Констанце не терпелось расстаться с ними, но, движимая любопытством, она остановилась.
– Вы были знакомы с Катариной Кавальери? Взгляд ее сделался бесстрастным.
– С Кавальери, которая пела партию Констанцы в «Похищении из сераля», – пояснил Джэсон.
– Ах, с ней! Да, я знала Кавальери.
– Говорят, она была любовницей Сальери. Констанца пожала плечами, словно не придавая этому значения.
– Вы были с ней близко знакомы?
Не успела Констанца ответить, как в дверях появилась пожилая женщина; она с надменным видом прошла в гостиную, очевидно, выбрав для своего появления самый подходящий момент. Констанца, с трудом сдерживая раздражение, представила незваную гостью:
– Моя старшая сестра госпожа Алоизия Ланге. Так вот она, та самая Алоизия Вебер, первая любовь Моцарта, красавица в семье. От ее красоты теперь не осталось и следа. Алоизия, прищурившись, высокомерно рассматривала гостей, в лице ее было что-то хищное – острый нос и подбородок, резко очерченные скулы.

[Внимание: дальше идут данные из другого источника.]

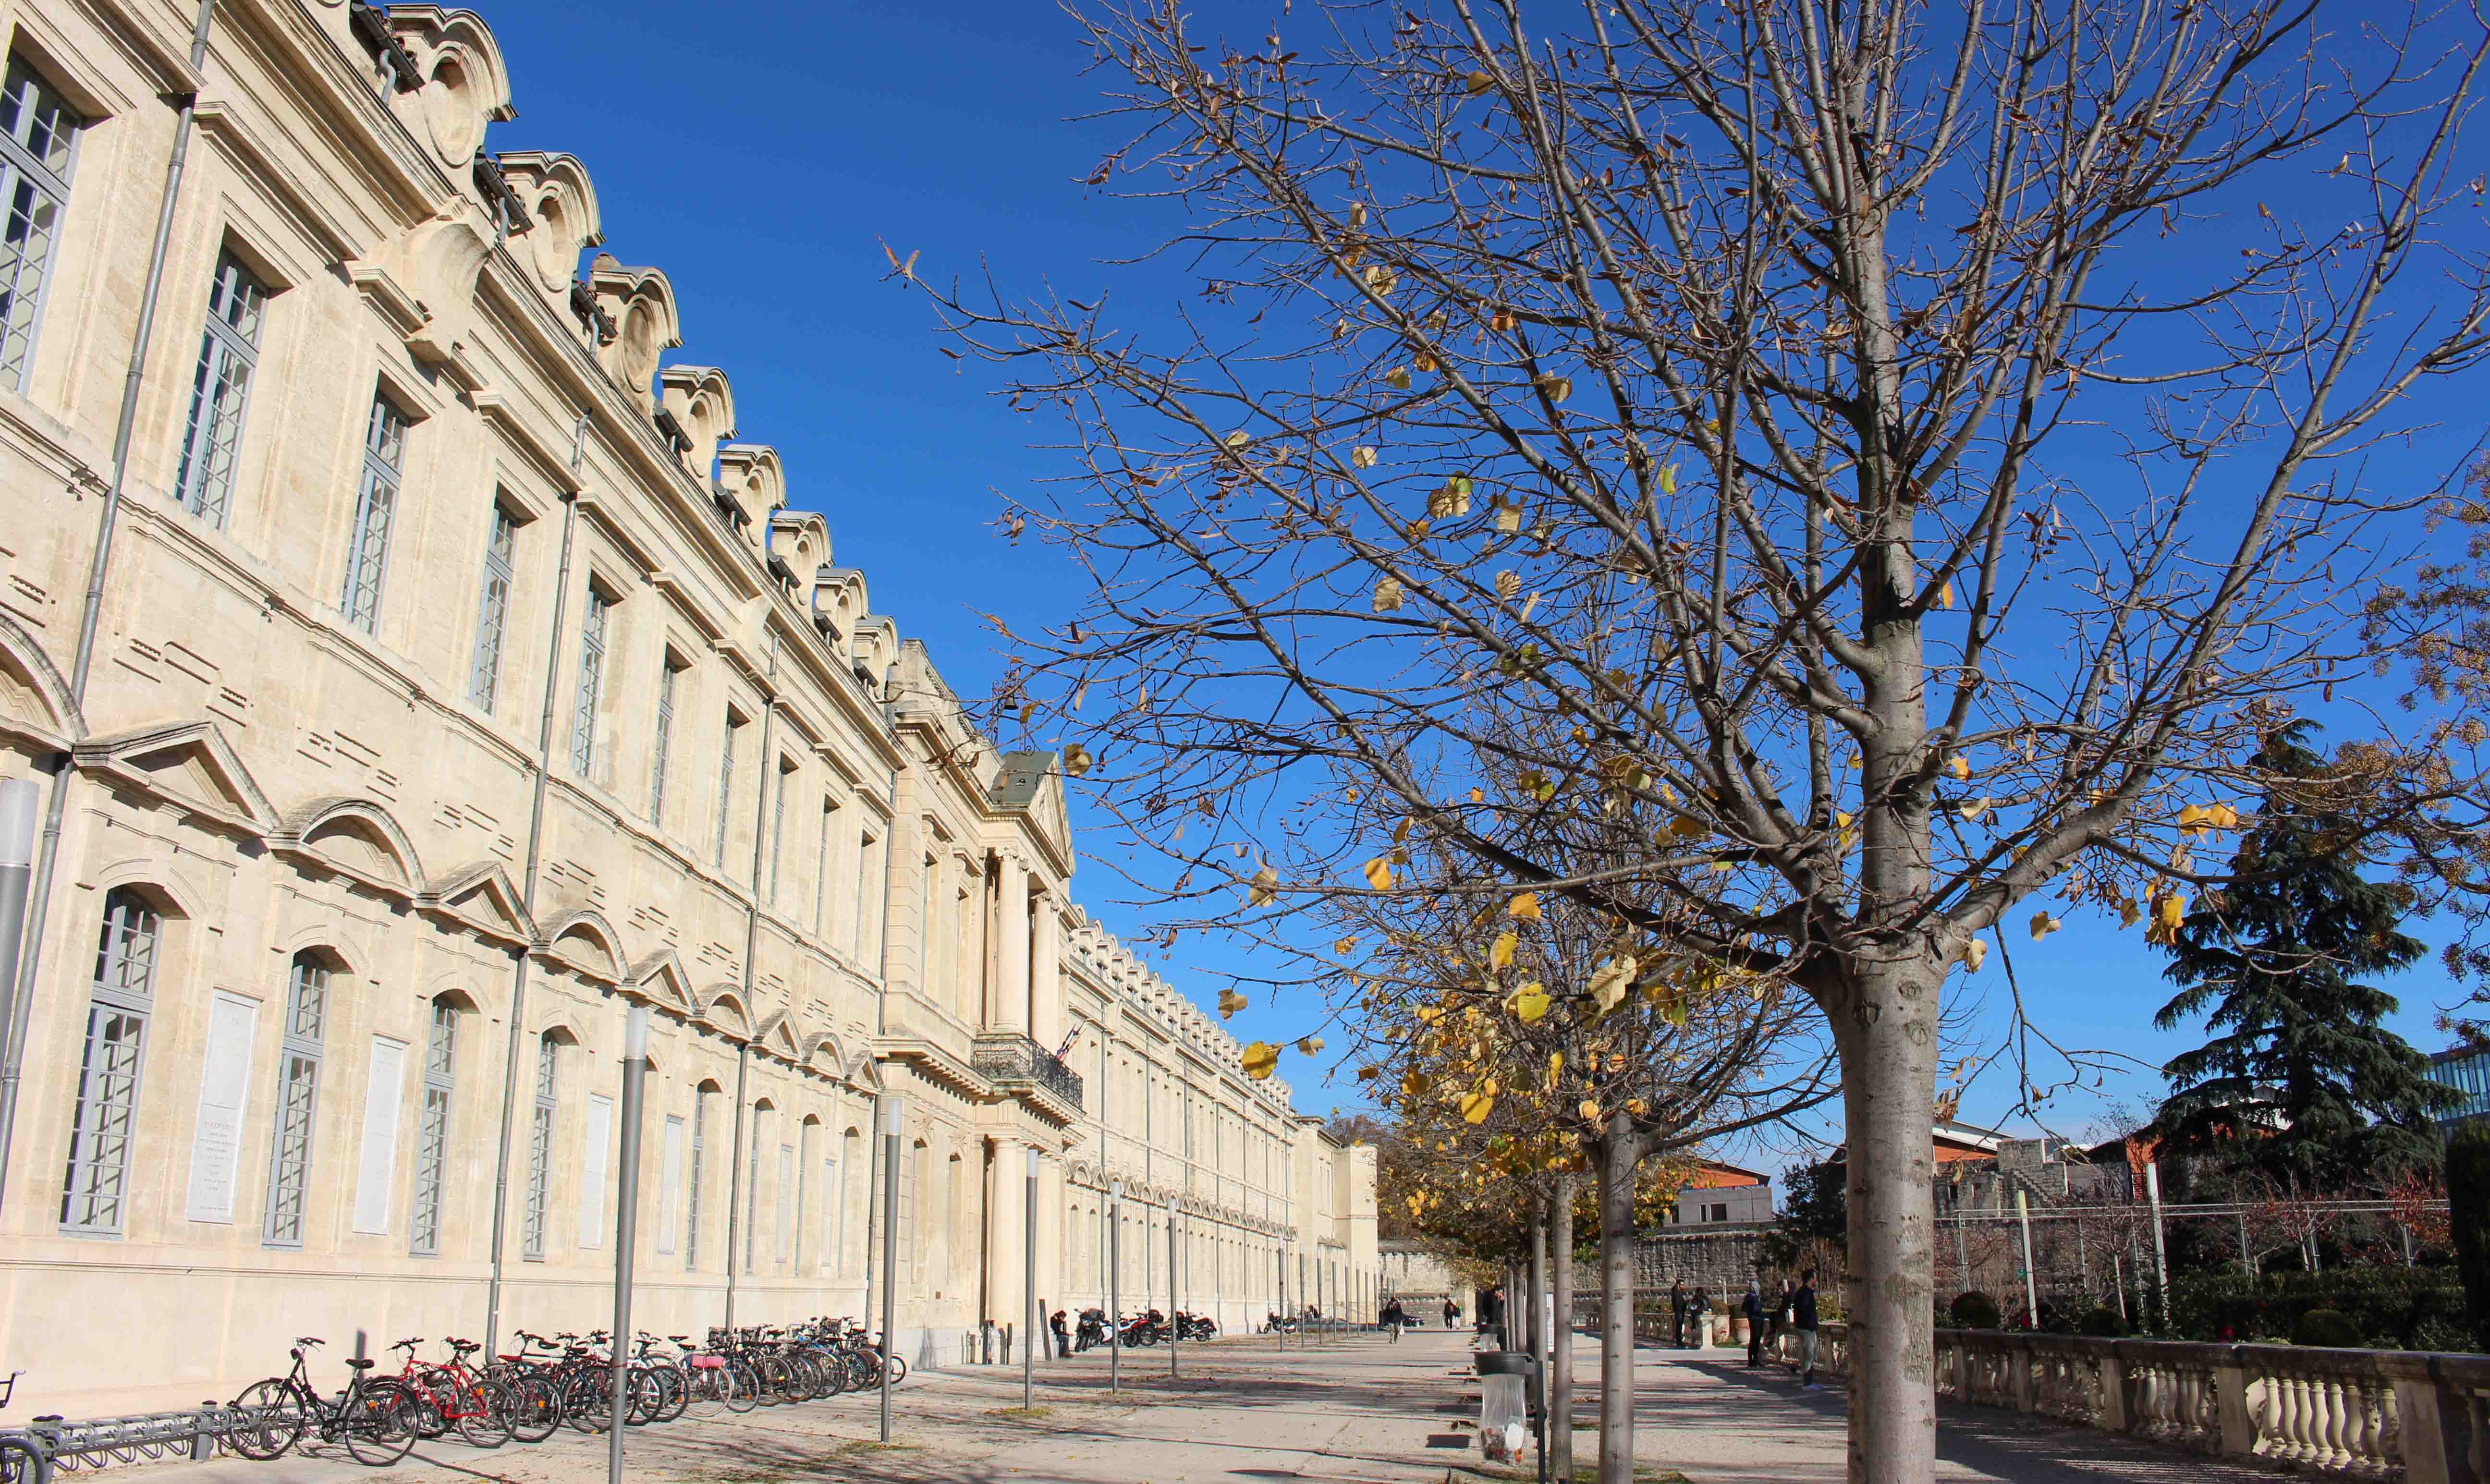 North building - Université Avignon - In pictures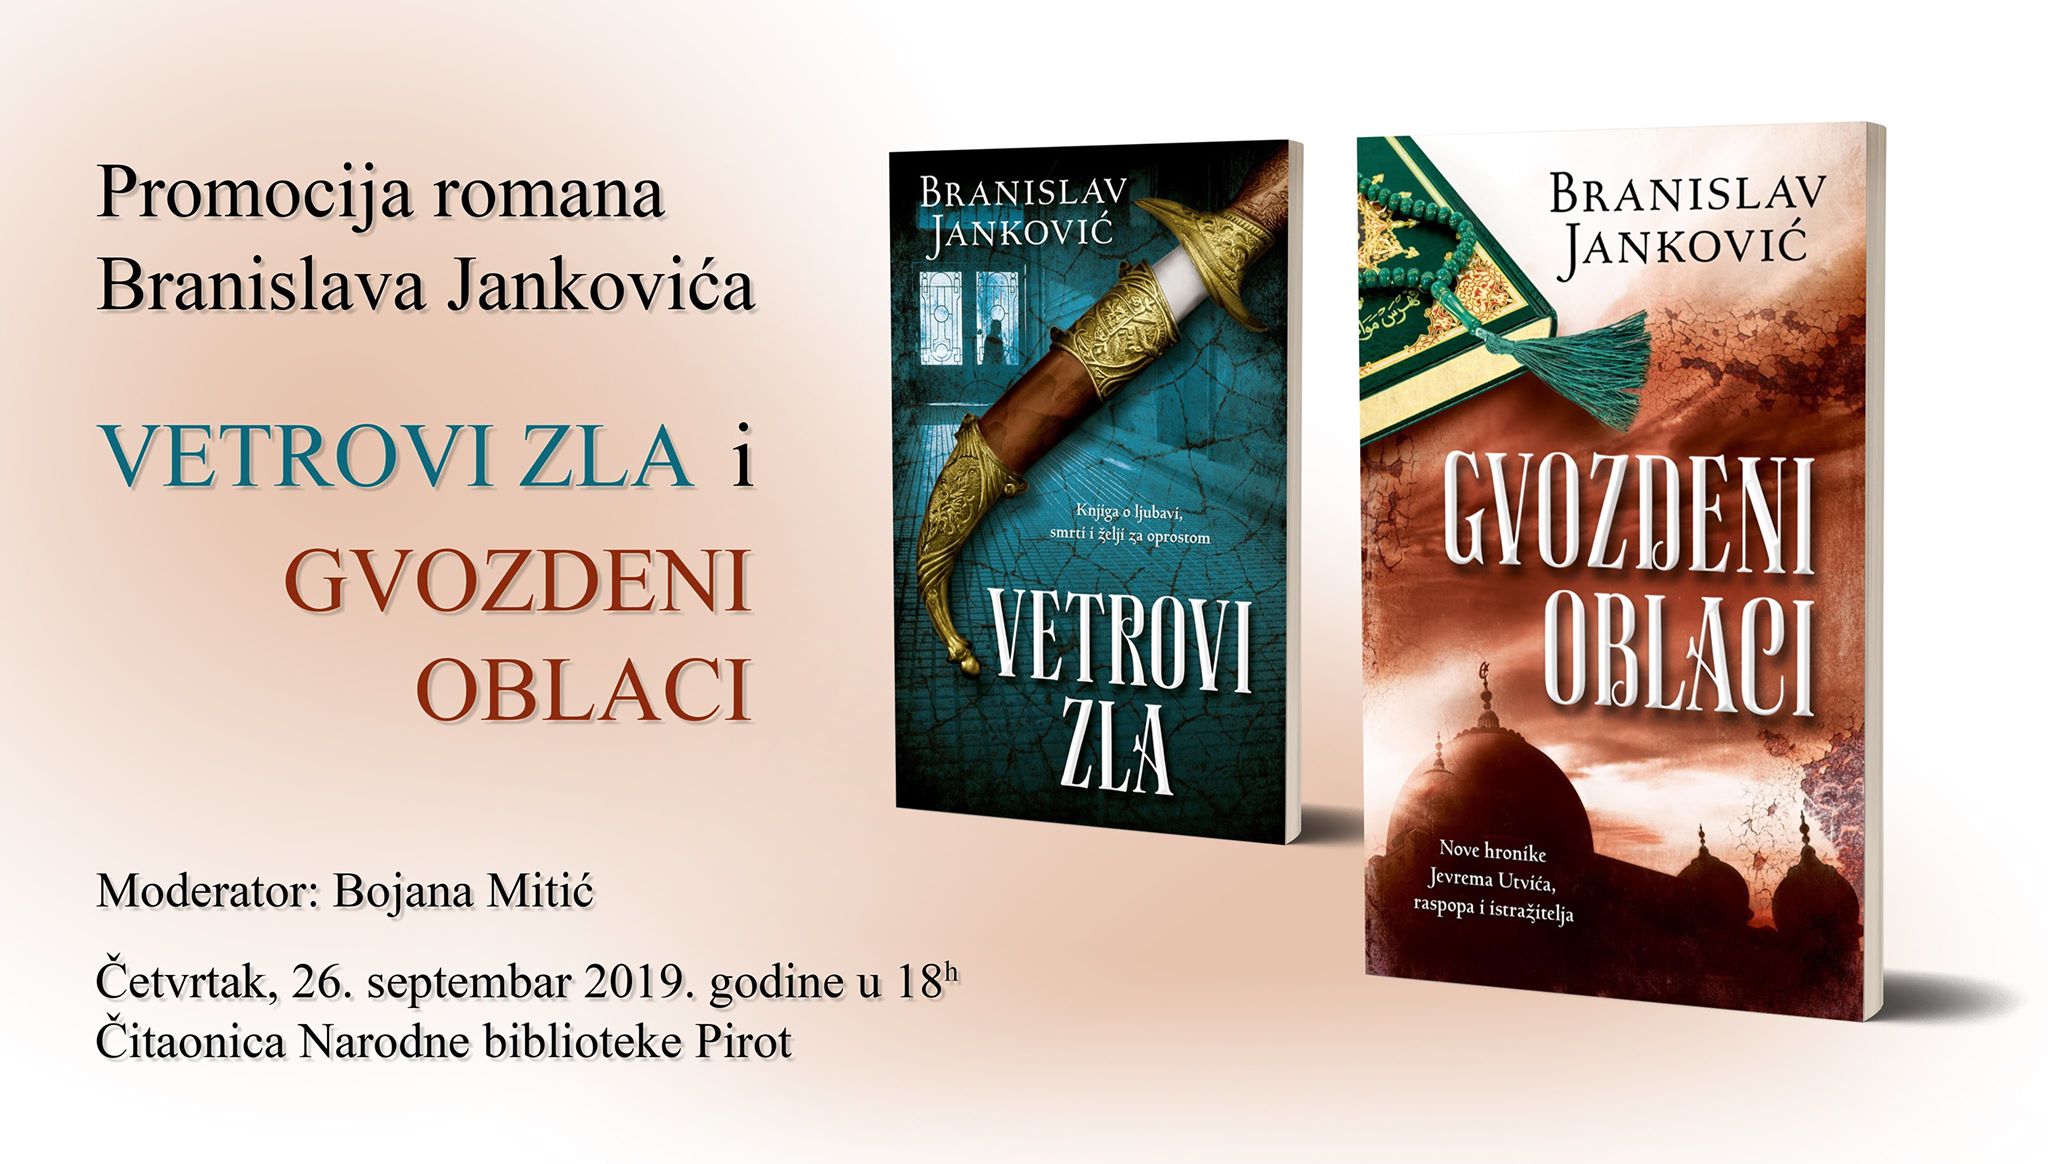 Photo of “Gvozden oblaci” i “Vetrovi zla”- promocija knjiga Branislava Jankovića u Pirotu

Обильные румяна только подчеркивали многочисленные морщины.
– Я близко знала Кавальери, – сказала Алоизия, – была ее дублершей в «Похищении из сераля» и много раз пела с ней.
– Моя сестра была раньше оперной певицей, – пояснила Констанца.
Похоже было, что Алоизия подслушивала их разговор соседней комнате.
– Как, по-вашему, Кавальери относилась к Моцарту? Благожелательно или нет? – спросил Джэсон.
– В зависимости от того, в каких ролях он ее занимал. Я припоминаю…
– Господин Отис, я устала от беседы, – прервала Алоизию Констанца.
– Извините, госпожа фон Ниссен. Мы можем прийти завтра.
– Нет. Завтра у меня ванна.
– Я могла бы рассказать вам о Кавальери все, что вас интересует, – поспешно вставила Алоизия. – Я знала ее лучше, чем моя сестра.
Но Констанца, желая закончить разговор, повела себя весьма решительно:
– Я дам знать, когда снова смогу уделить вам время. Возможно, на днях, – объявила она и плотно закрыла за Джэсоном и Деборой дверь, прежде чем они успели опомниться.